Buse went on to play professionally for the Indiana Pacers, the Phoenix Suns, the Portland Trail Blazers, and the Kansas City Kings.

Buse was known for his dependable ball-handling, tight defense, and clutch-shooting, and he appeared in two All-Star games (one in the ABA in 1976; one in the NBA in 1977) during the course of his career. His best season occurred in 1975-76, when he led the ABA in both steals per game (4.12) and assists per game (8.2) while also contributing a career high 12.5 points per game. In the next season, his first in the NBA, Buse again led all players in steals per game (3.47) and assists per game (8.5).

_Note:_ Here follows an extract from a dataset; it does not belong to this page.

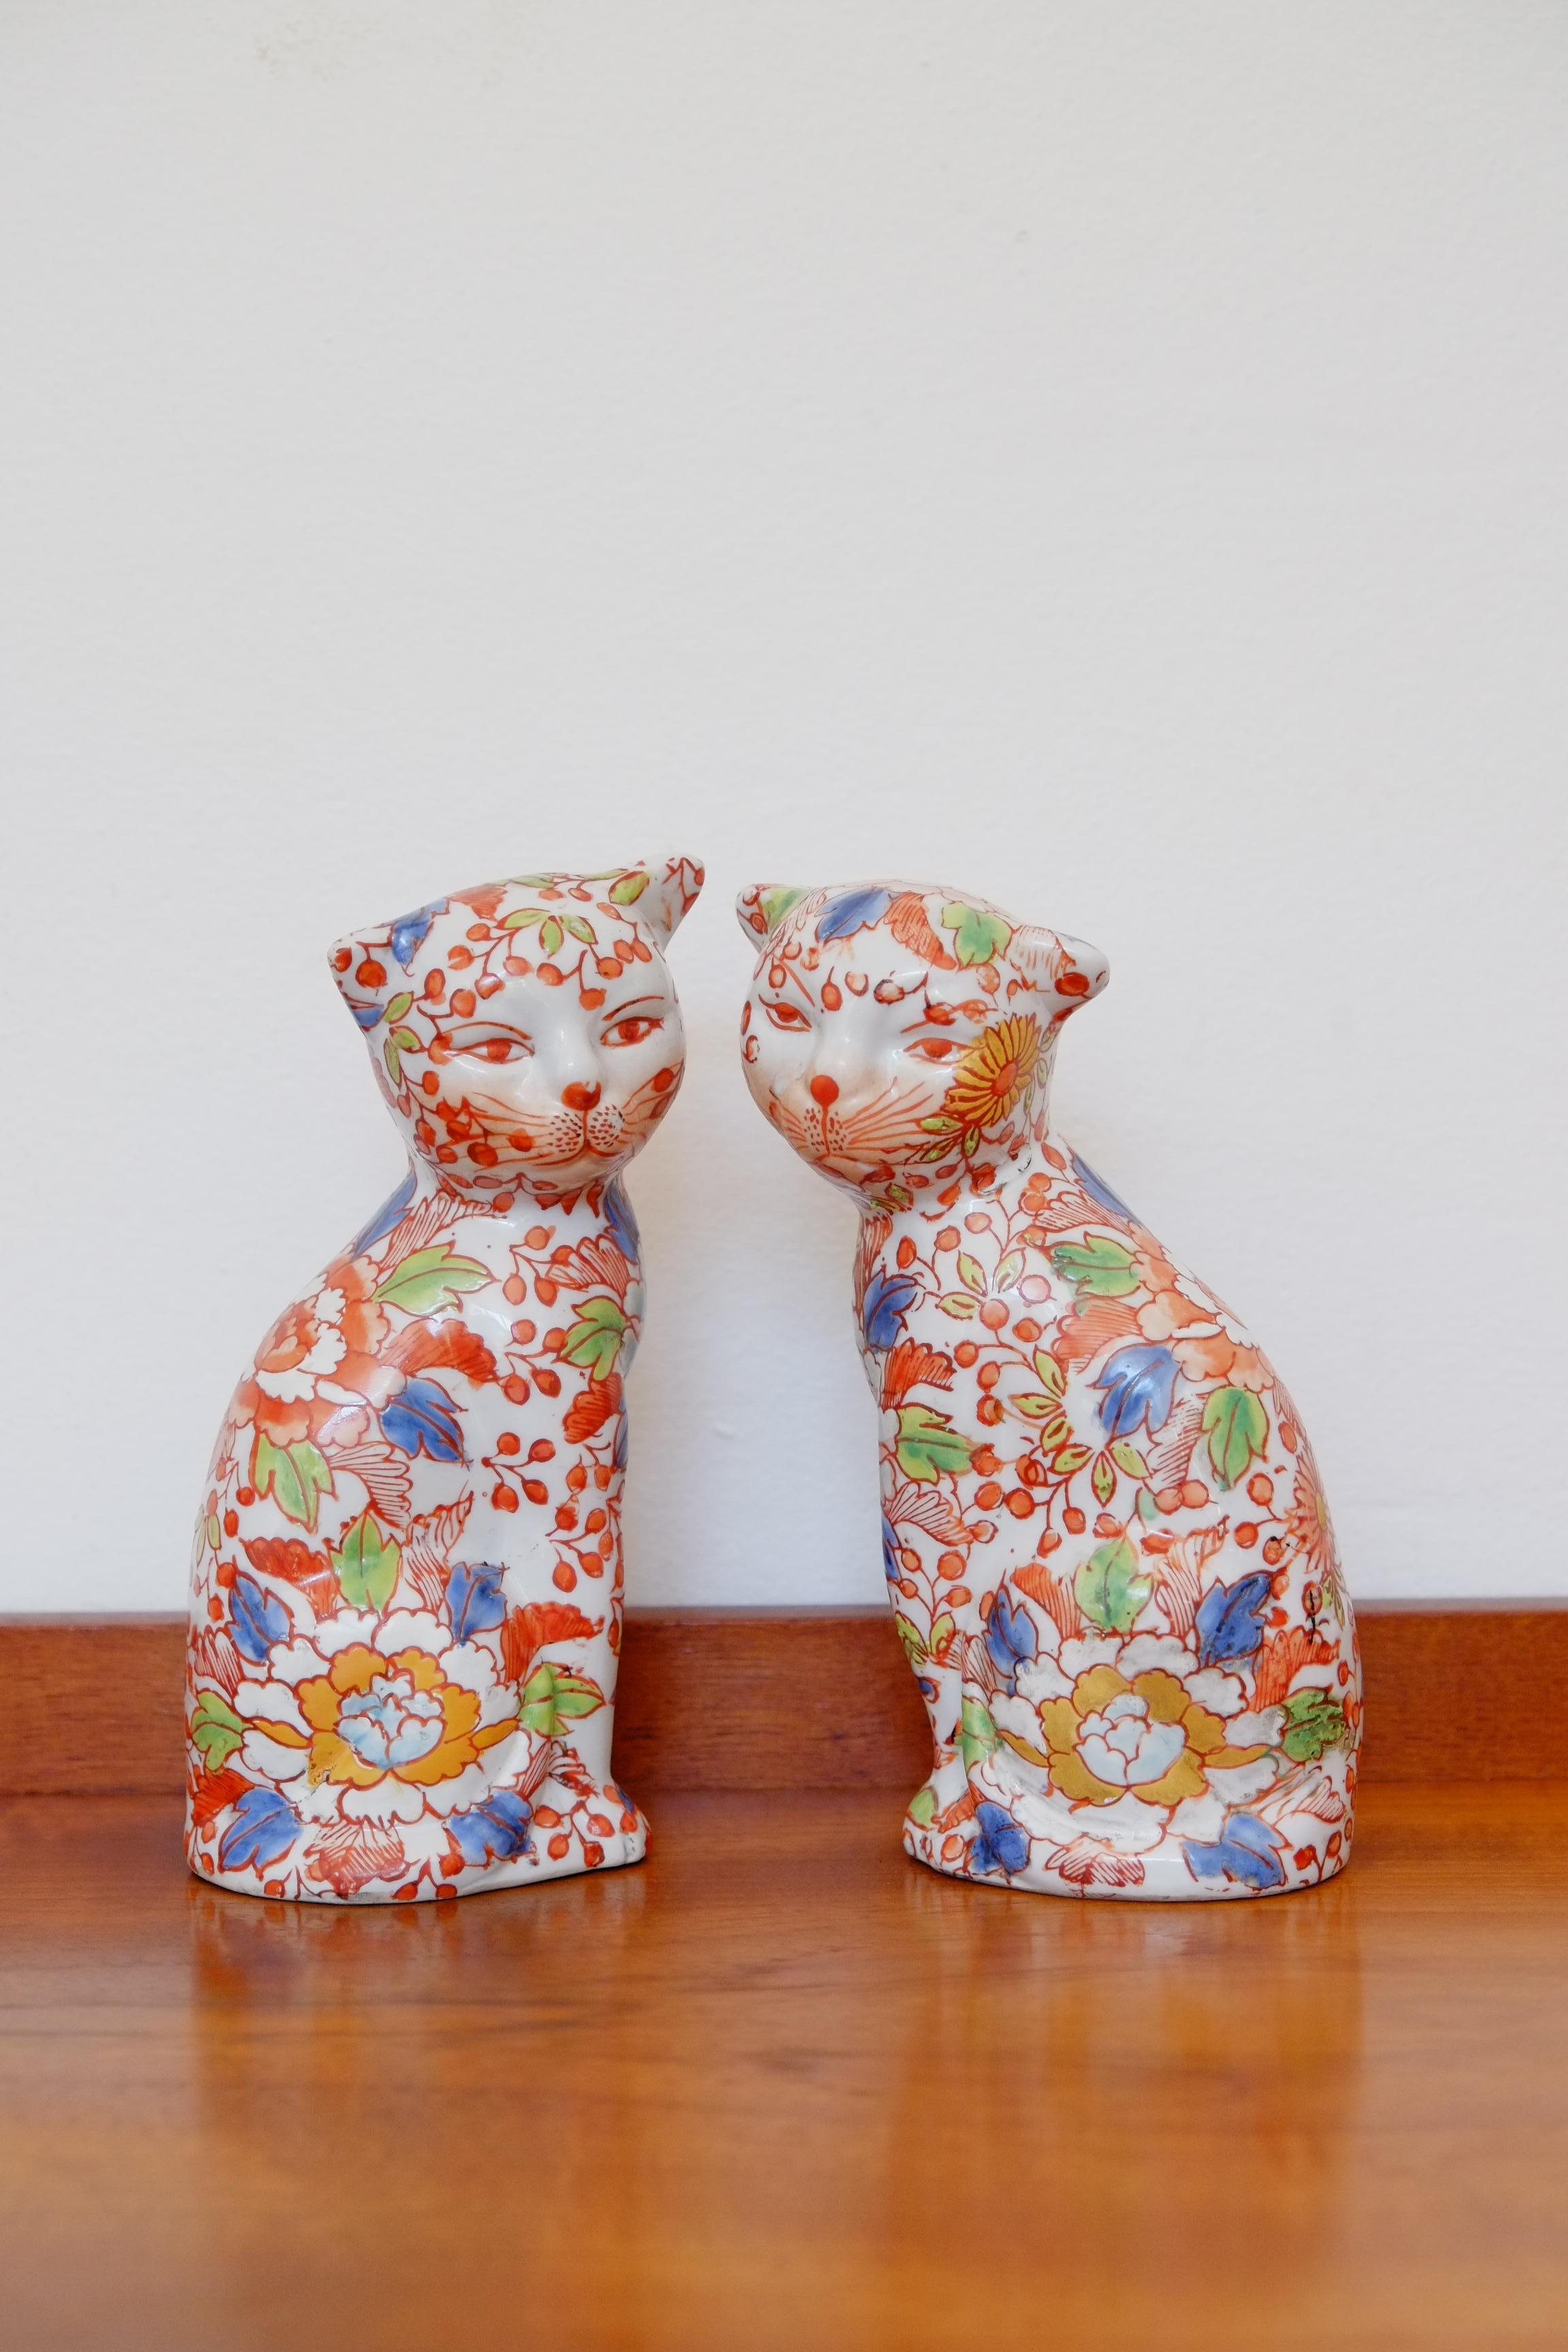 Ein schönes Paar Katzen aus Imari-Porzellan. Sie stammt aus Japan und wurde in den 1920er Jahren hergestellt. 

Dieses Katzenpaar hat einen sehr schönen Charakter, mit leichten Unterschieden in der handgedruckten Emaille. Sie haben leicht

In 1979, Buse helped take the Suns deep into the playoffs on a team with notable players, such as Paul Westphal, Walter Davis, Truck Robinson and Alvan Adams.

Buse was an All-Defensive Team member six times, from the 1974–75 season through the 1979–80 season. The first two were in the ABA and the final four were in the NBA.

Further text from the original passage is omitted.